The Invisible Web
A RECAP Workshop by Paula Edmiston
West Chester University, Pennsylvania, May 14, 2004
|
 |
Still round the corner there may wait,
A new road or a secret gate.
-- J. R. R. Tolkien |
What is the Invisible Web (sometimes referred to as the Deep Web)? It is composed
of those resources not accessible through the search engines. Revealing the
Invisible Web requires taking a slightly different road, opening new gates. The
resources are there but traditional paths, via search engines, do not lead to
them. A study by faculty and students at the School of Information Management and
Systems at the University of California at Berkeley (Lyman), estimates the size of
the Internet in 2002 at 532,897 terabytes. The surface web, accessible via search
engines was measured as 167 terabytes. They measured the "Deep Web" (the Invisible
Web) as 91,850 terabytes. N.B. If digitized with full formatting, the seventeen
million books in the Library of Congress contain about 136 terabytes of
information. (Lyman)
Search engines were originally designed to index web pages created using HTML,
a markup language used to organize and structure text. Search engines are
struggling to keep pace with the evolution of
databases, multimedia and other formats used to present information on the web.
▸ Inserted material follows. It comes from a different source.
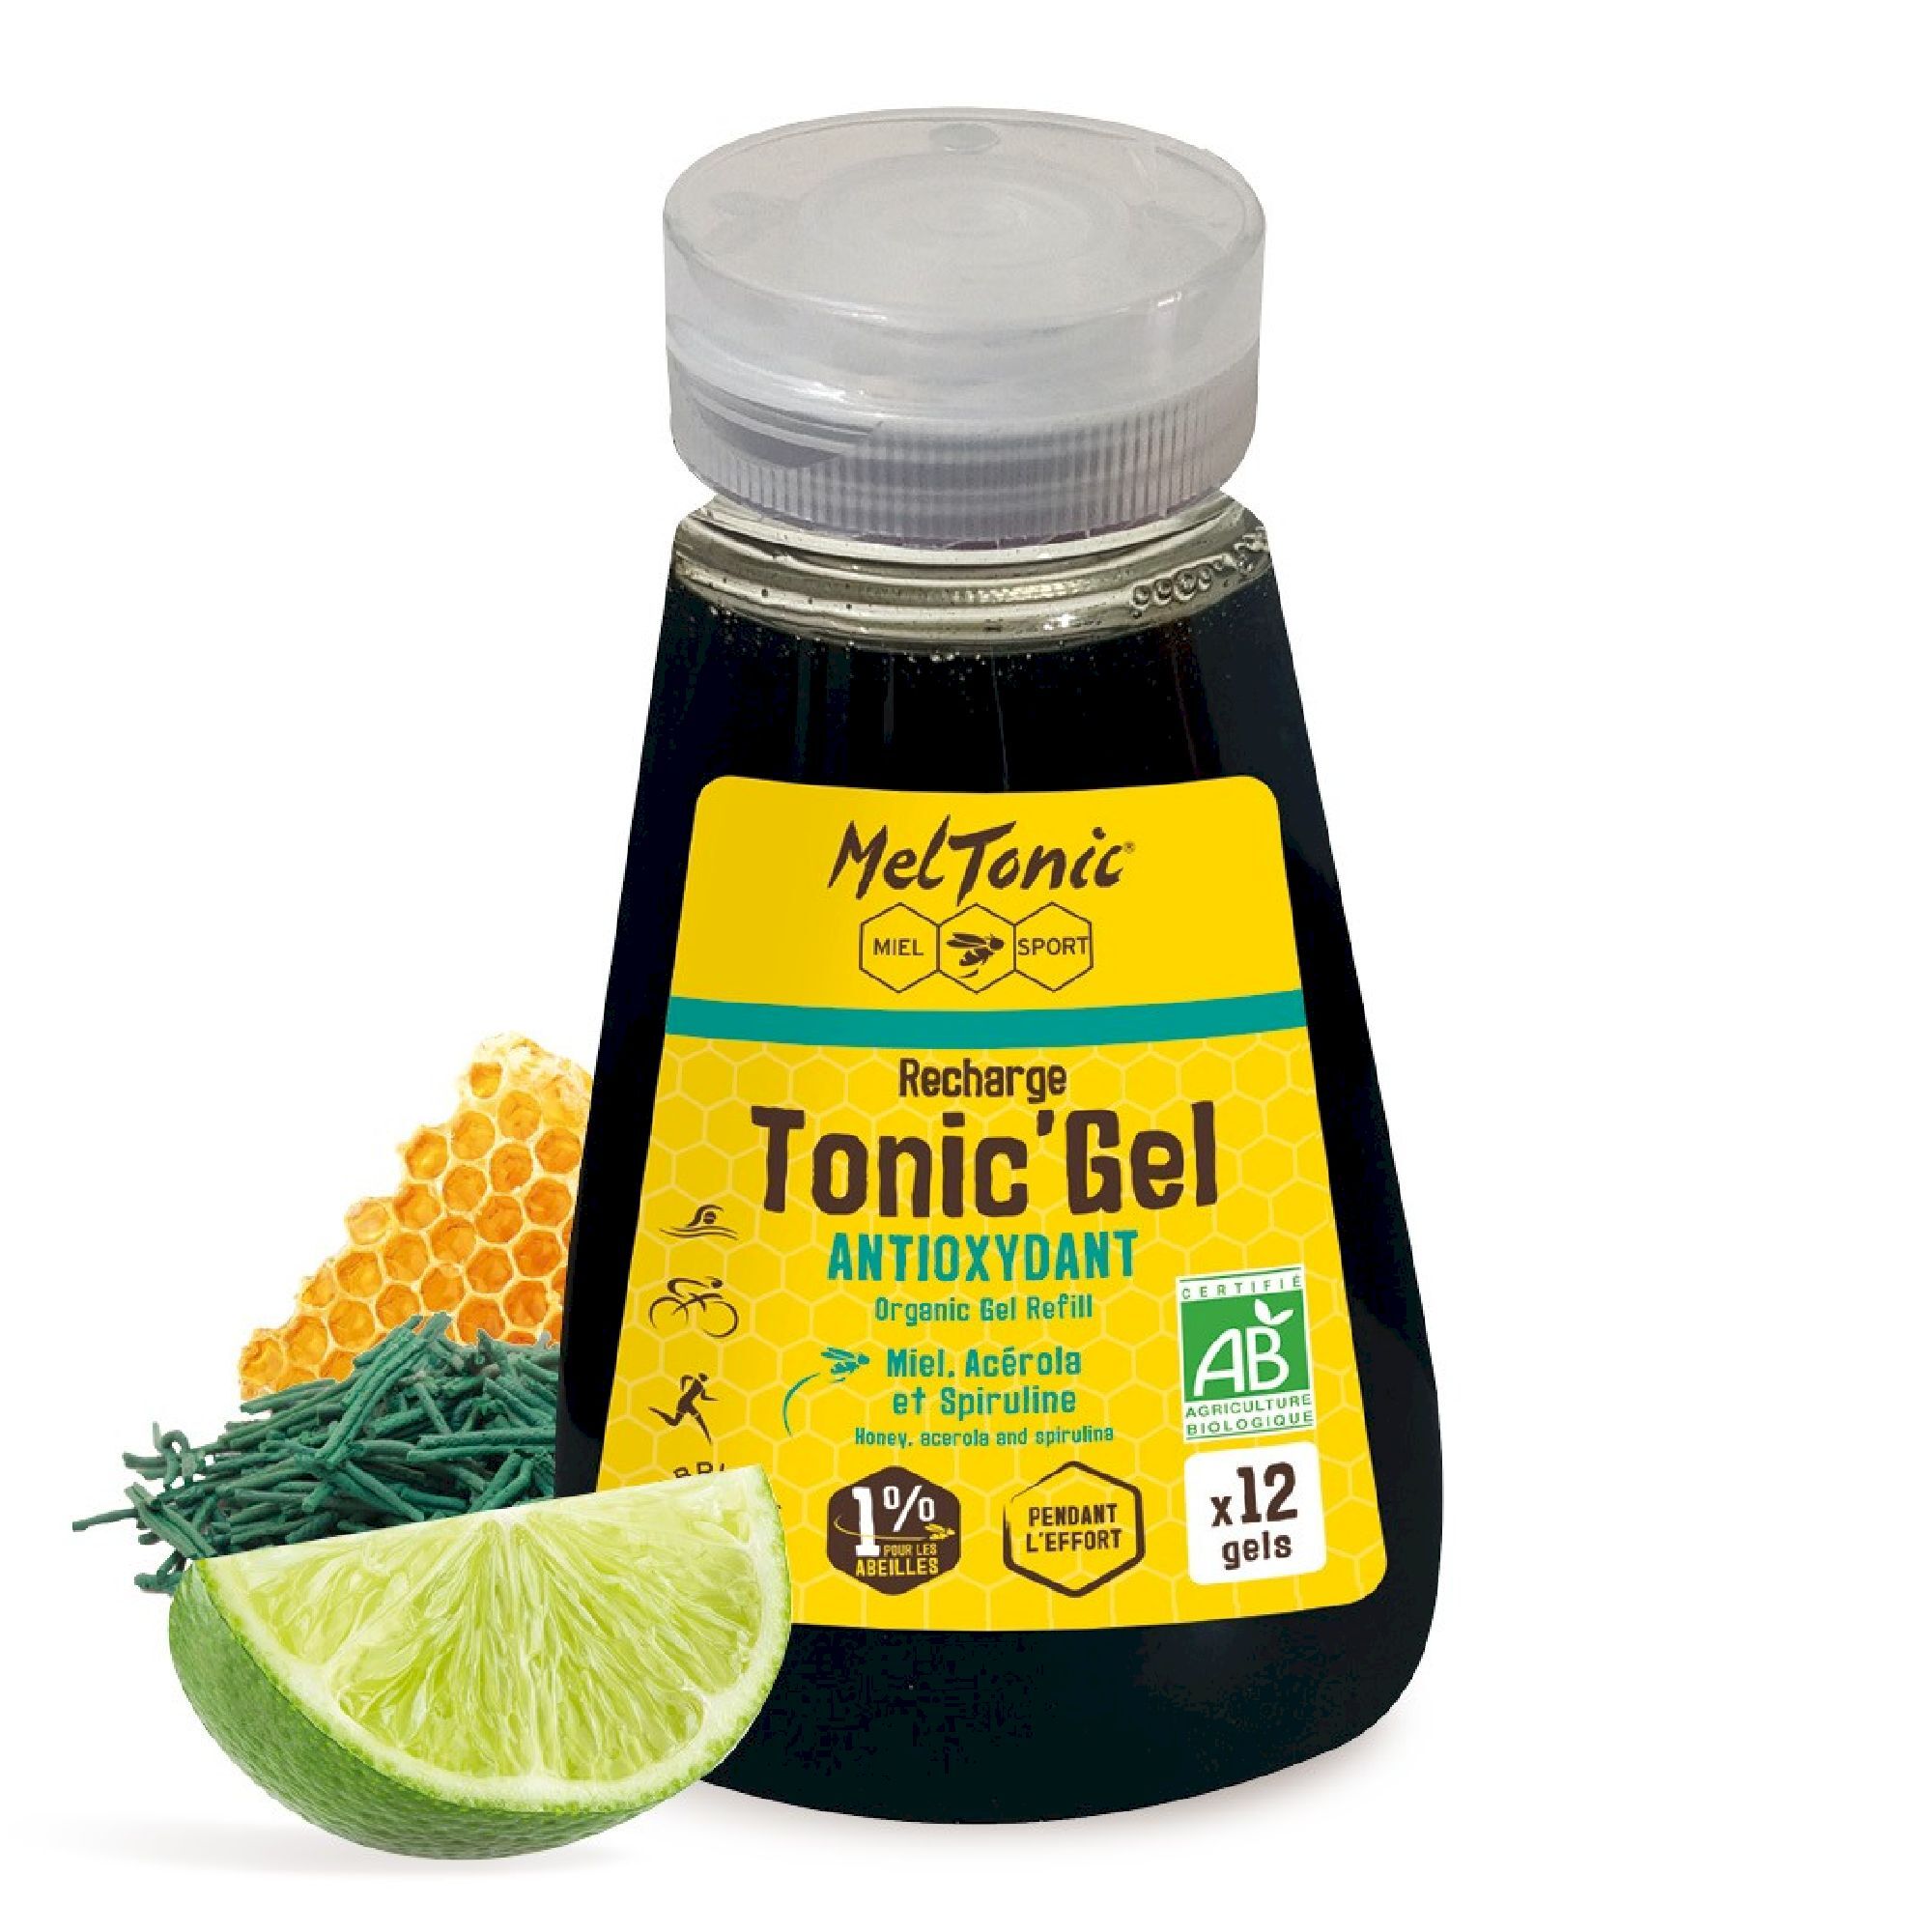 Meltonic Tonic Gel Bio Antioxydant - Recharge Eco - Energy gel

What makes Resources Invisible?
The resources are not really invisible of course. But they are not included in the indexing of the
web conducted by search engines; so they are, in a sense, invisible to the search engines.
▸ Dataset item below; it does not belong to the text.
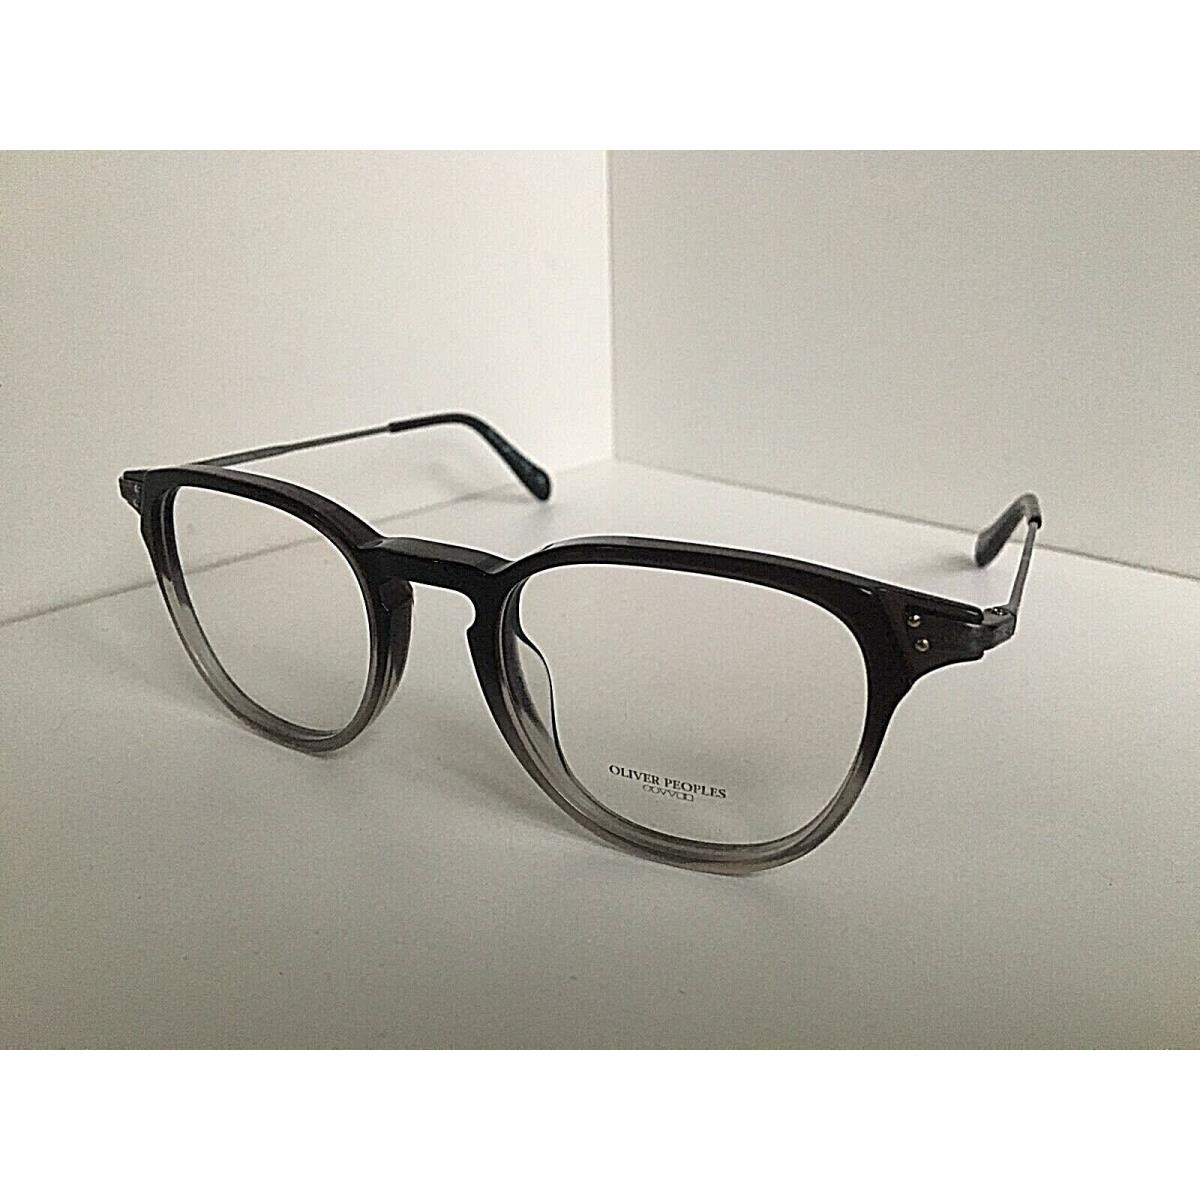 Oliver Peoples eyeglasses Designer - Black Frame 0

Sometimes the phrase "Deep Web" is used to describe these resources because you have to dig deep
to find them. Easy to find web pages can be considered "surface" resources.
- Databases
- In addition to the proprietary databases such as
Psych Abstracts, the MLA Bibliography, Chemical Abstracts and the
citation indexes, there are many databases available
for free via the web. Academic organizations, professional
associations and non-profits usually sponsor these databases.
An example of this is the
Group
Psychotherapy, Psychodrama & Sociometry Bibliography
Database, a
collection of over 4,000 citations in several languages. This is a
tremendous resource but the citations
are in a database and not accessible from a search engine.
- Format
- Formats that are difficult to index include office software such as
word processing and spreadsheets, PDF, Postscript, Flash, Shockwave,
executables, streaming audio and video, and images. More search engines
are indexing a greater variety of formats all the time but there are
still limitations. While some search engines include the PDF format
they index only a portion of the document. Search engines like
Altavista and Google do offer image searches, but search file names
only.
- Pages that are Not linked
- Many search engines discover new web pages
only by following links on known pages. If a web page has not been linked to
a page already being indexed, the likelyhood of it being indexed is small.
- Robots
- Robot (vocab)
instructions can be applied sitewide or page-by-page. Authors
of individual pages can include a meta tag
(vocab) to
turn away search engine spiders. Web hosts can place special commands on
their sites that will turn spiders away from entire sites.
- Password Protection
- Some web pages are password protected. Even demonstration sites
containing valuable information can be rendered invisible because the
spiders
(vocab)
cannot read and use the login information that might be
displayed on the page.
- Search Engine limitations
- Some search engines place restrictions on indexing, such as choosing to index
only a portion of a page.
- Dynamically Generated Pages
- Search Engines will avoid pages that are generated "on the fly":
weather conditions, air flight arrivals, etc.
- Script-generated Pages
- This type of resource produces static HTML (vocab)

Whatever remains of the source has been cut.